In the coming years, Europeans explored more and more of the Americas--so named after Koberigo's despised brother--, exploring its jungles, conquering its people, and settling its valleys, and the first Conquistadors to reach California are said to have found a huge pit on the beaches there; and that the Natives claimed it went to the dark heart of the land and was dug by a tall man who could shoot golden lightning bolts out his eyes and fly like a bird on his purple anger.
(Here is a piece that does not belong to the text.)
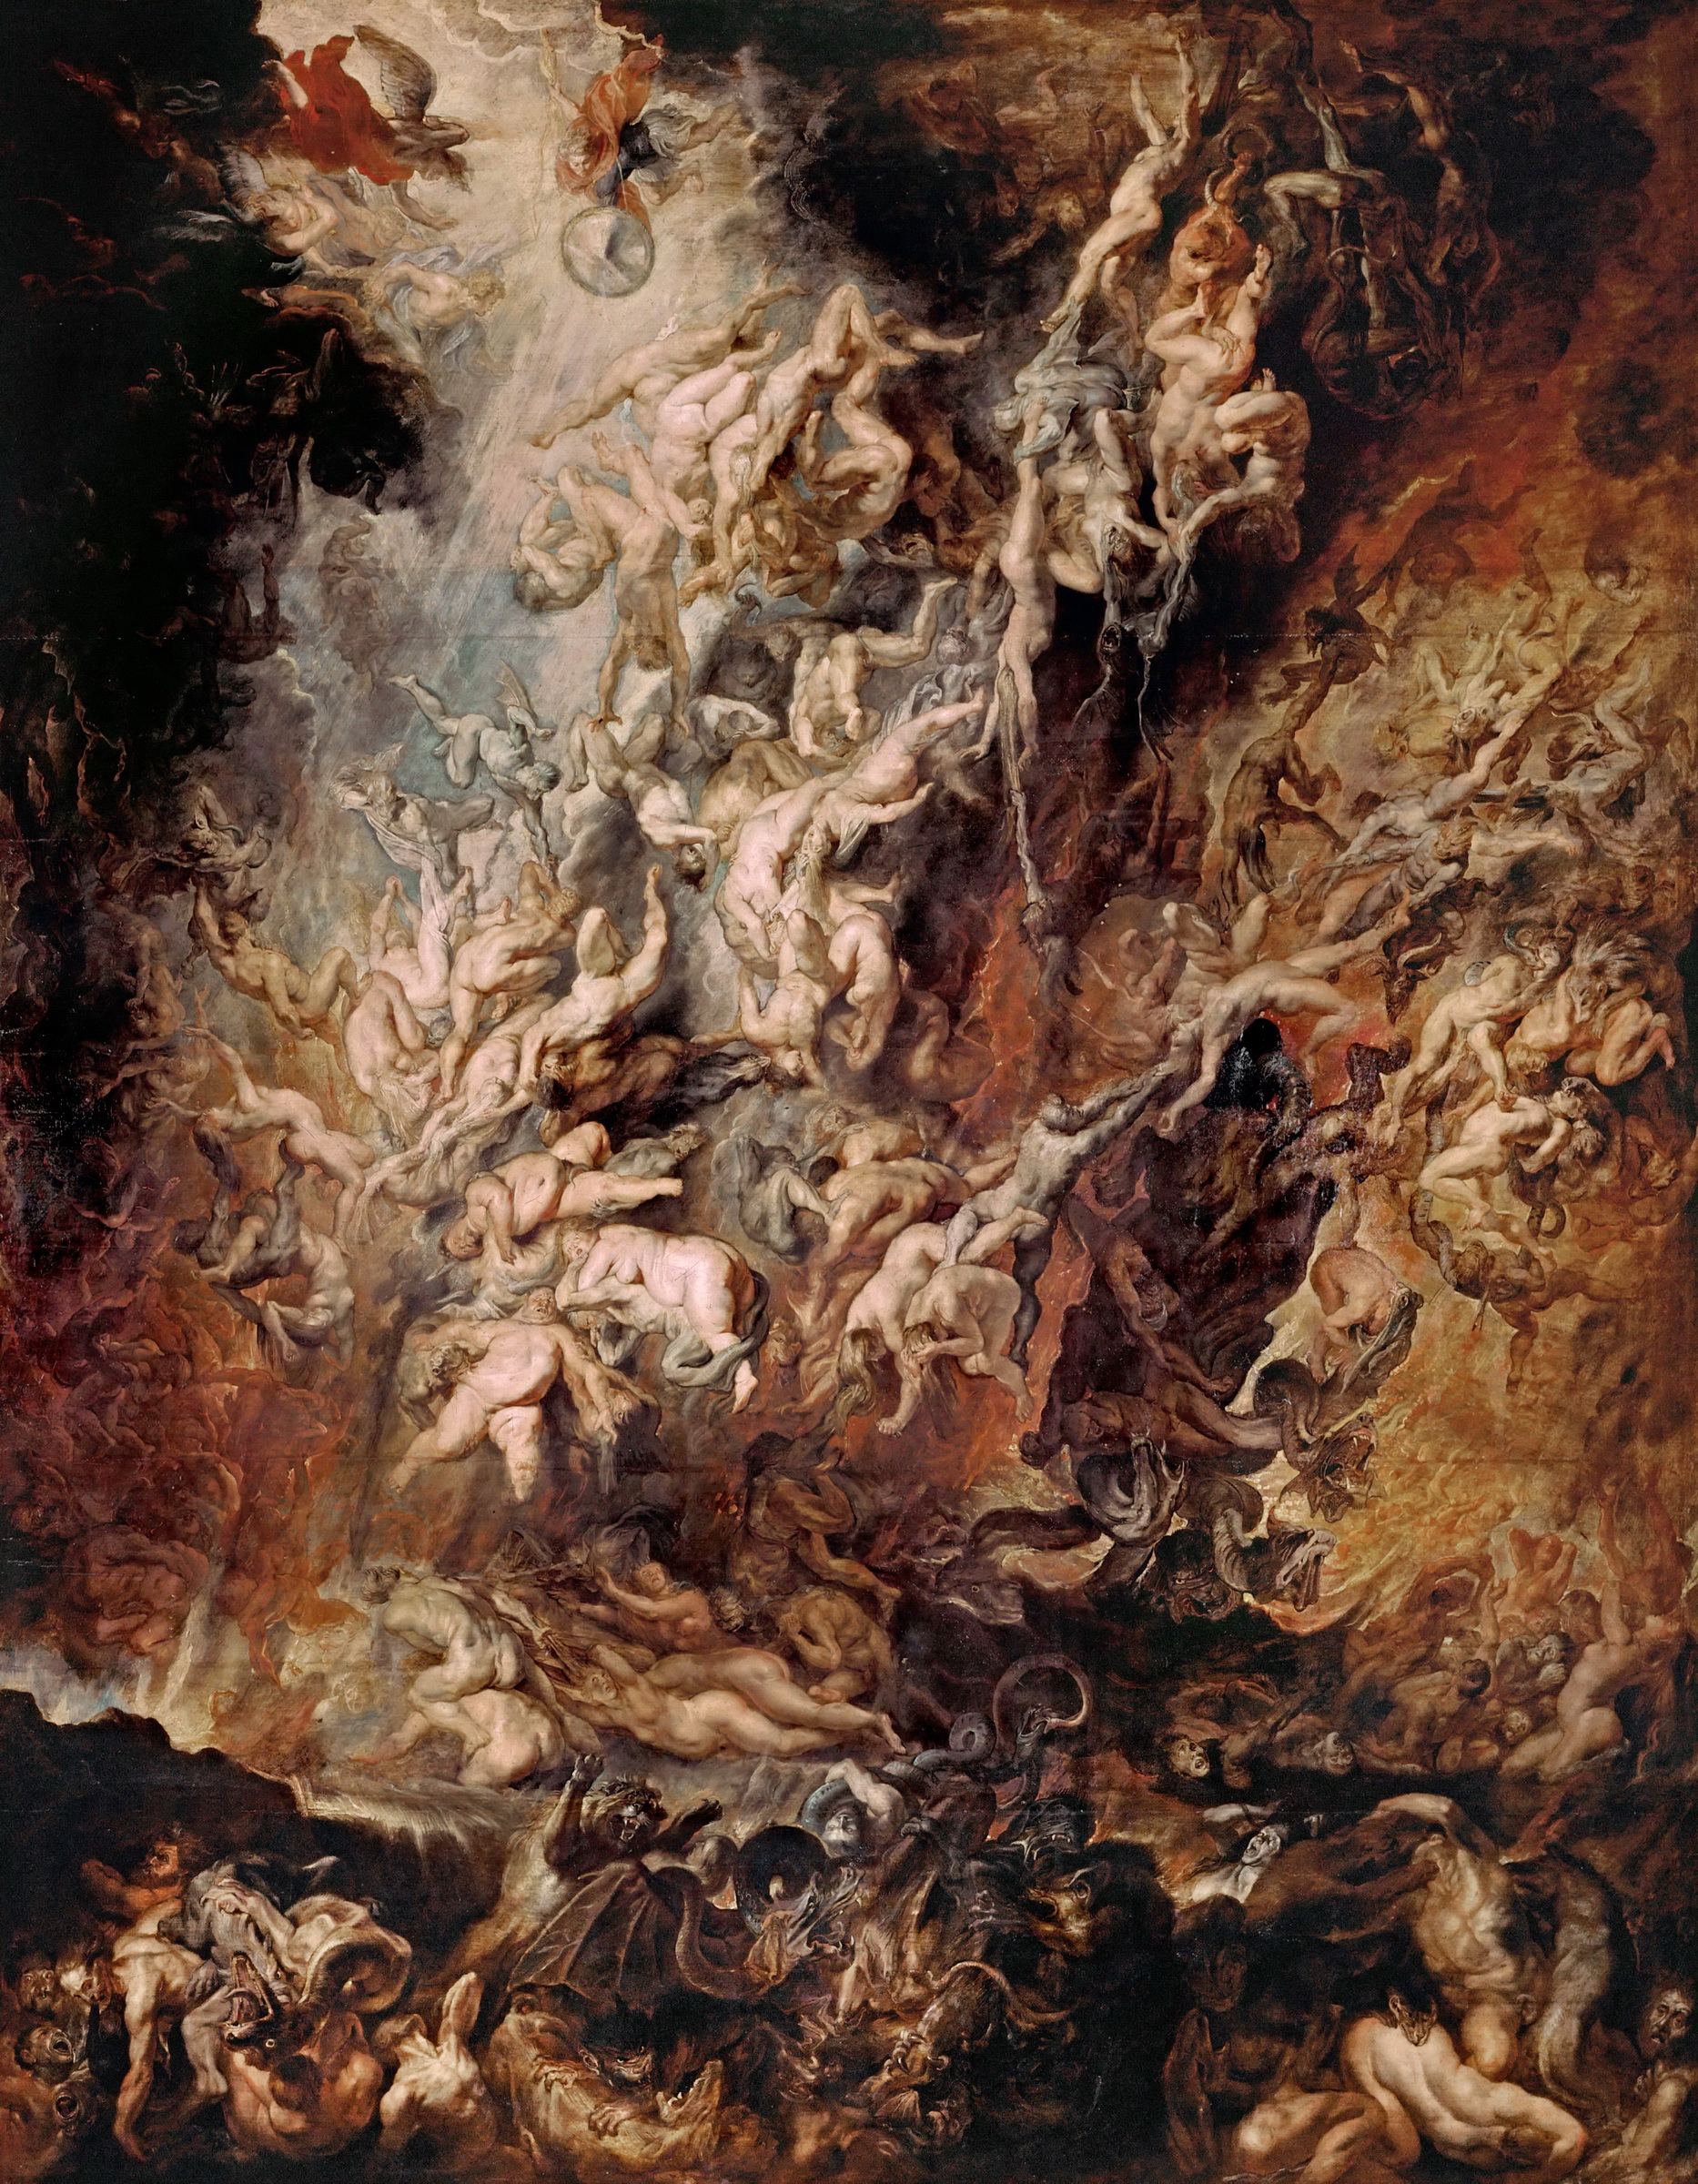 La caduta dei dannati by Peter Paul Rubens - 1620 - 2,86 x 2,24 m Alte Pinakothek

When geologist Stephen A. Smith inspected the pit in 2011, he found that it led to a cave, in Turkey, and a pile of unidentified bones dating back to the sixteenth century lay in it, where the ocean lapped its tongue, softly as a kitten's. On the rocky walls of the cavern the words Italy  and Koberica were scrawled, as if scratched by hand, leaving Smith and other historians to conclude that Koberigo had indeed written the third letter retrieved, in a wine bottle, and that Amerigo may have been right in his suspicions, all along, about the first two contradictory dispatches.

When Amerigo died, his last words are believed to have been: "Koberigo, yes, I burned your ship off the coast of my continent, leaving you marooned with cannibals and God knows what else, and I am not ashamed. I did what I did. Now, let us suffer fondly together in Hell."